I have used some costing over £500 in the distant past (1990’s) to keep a group of isolated data loggers in sync over several months with great success. But that is probably well over the top for your need and these temperature units are much cheaper.

But things to remember with synchronous code requirements are:

  1. Oscillator drift - do the calculations from the data sheets (processor and clock);
  2. Code path variations - unless the units will be executing exactly the same code ALL the time and can never have difference code routes, they will drift due to execution code differences;
  3. Timer interrupt delays - most systems use an internal timer which cause interrupts to increase the resolution of the clock. There is a delay from the interrupt happening, to it being detected and then the processor switching to the service routine and back again. All this is accumulative and very difficult to account for within code.

Your best solution is to get some way that they synchronise with each other: Physical electrical pulse, radio pulse (not a packet that needs decoding), IR pulse or whatever you can achieve.

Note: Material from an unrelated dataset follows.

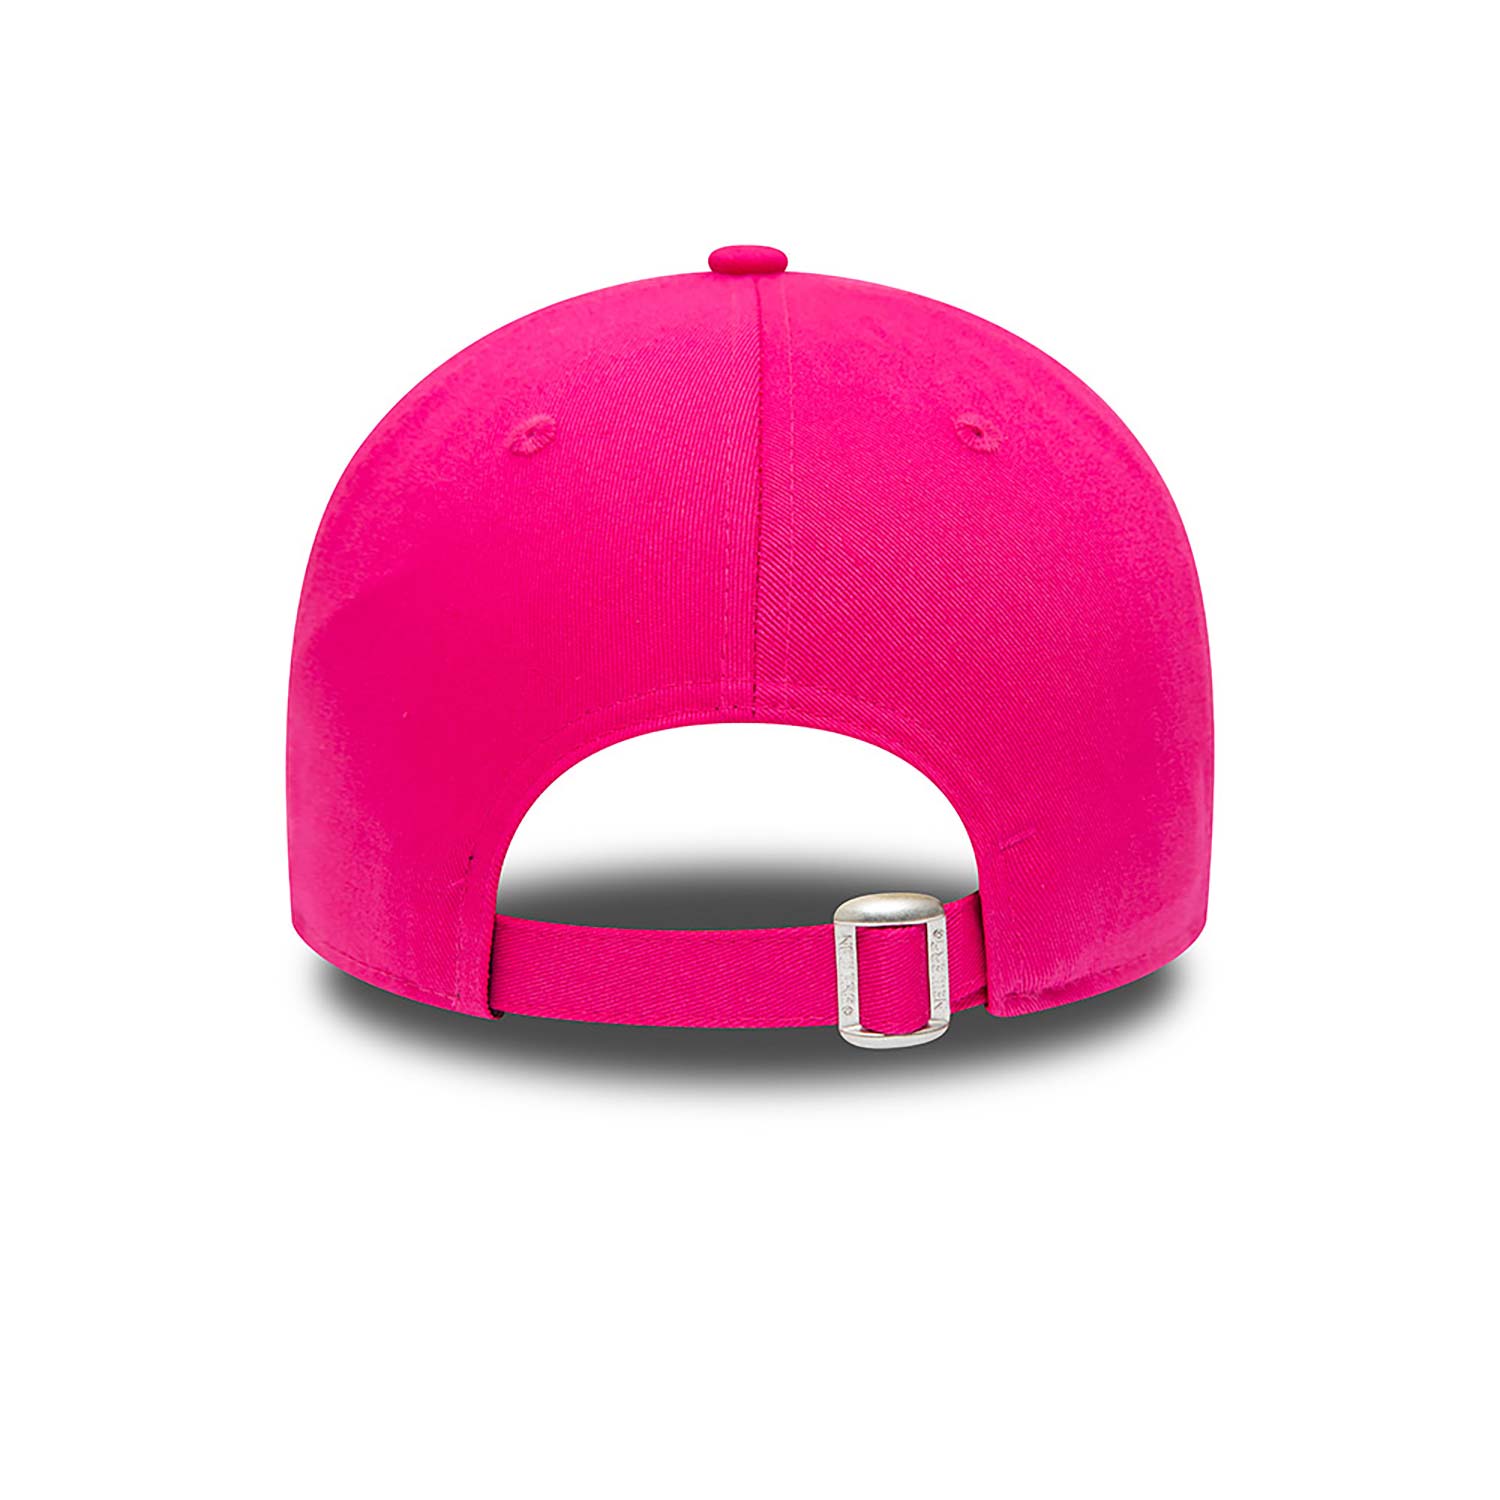 Vespa Seasonal Dark Pink 9FORTY Adjustable Cap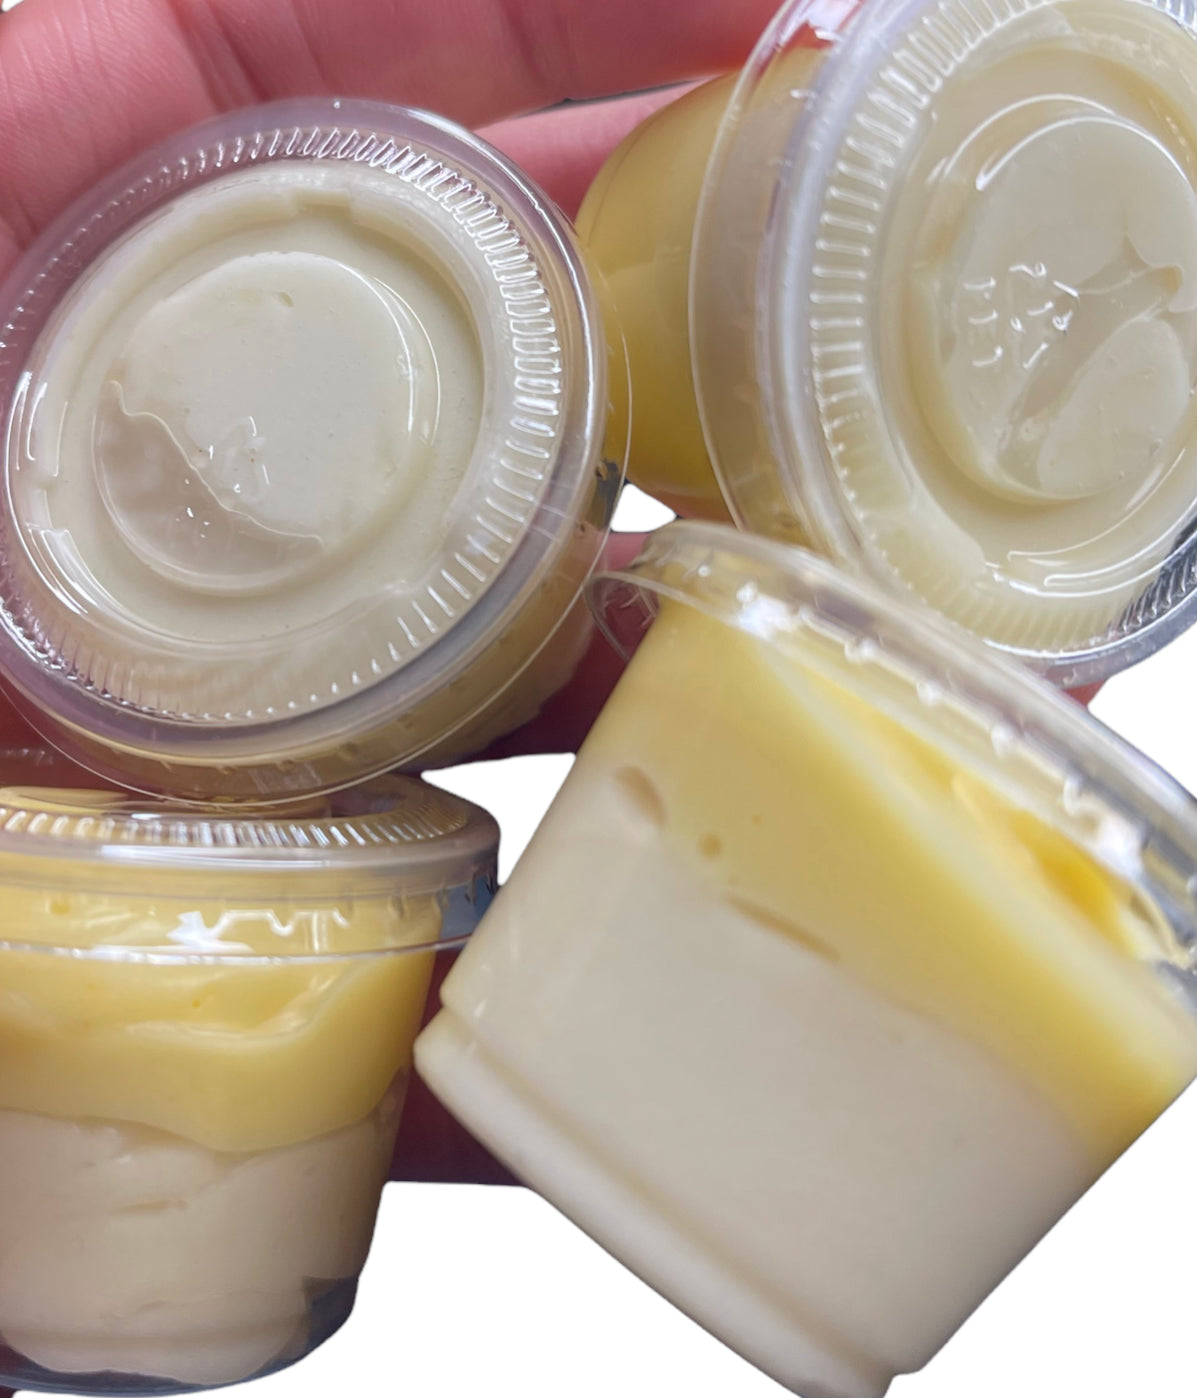 Free body cream samples

Then the master unit, preferable with the most accurate clock, can send out the sync pulse to the waiting slaves. With a bit of skill, this pulse can also be relayed from unit to unit, but that does require more skill on the part of programming, especially with poor clocks.

Reading an RTC is a solution, but again getting these in sync at the start is fun (and re-syncing). If you can find one with better than 1s resolution then you can interrogate it more often, that will help. A lot don’t always take updates when you want, but when they want. So syncing is difficult, you may only get them to sync with +/- 1s, which is pretty rubbish. But remain stable for many months. Hence being able to read smaller intervals is important.

I guess you have serious issues in getting a sync pulse between them anyway! But it will be your best solution.

There are no TCXO/VCXO in the 5V range that I could fine. Everything’s in the 3.3-3.6V range which won’t work for this. All I need as at the most 5 minutes. If I can reach that, I’m happy. Right now it’s not even reaching 2 minutes.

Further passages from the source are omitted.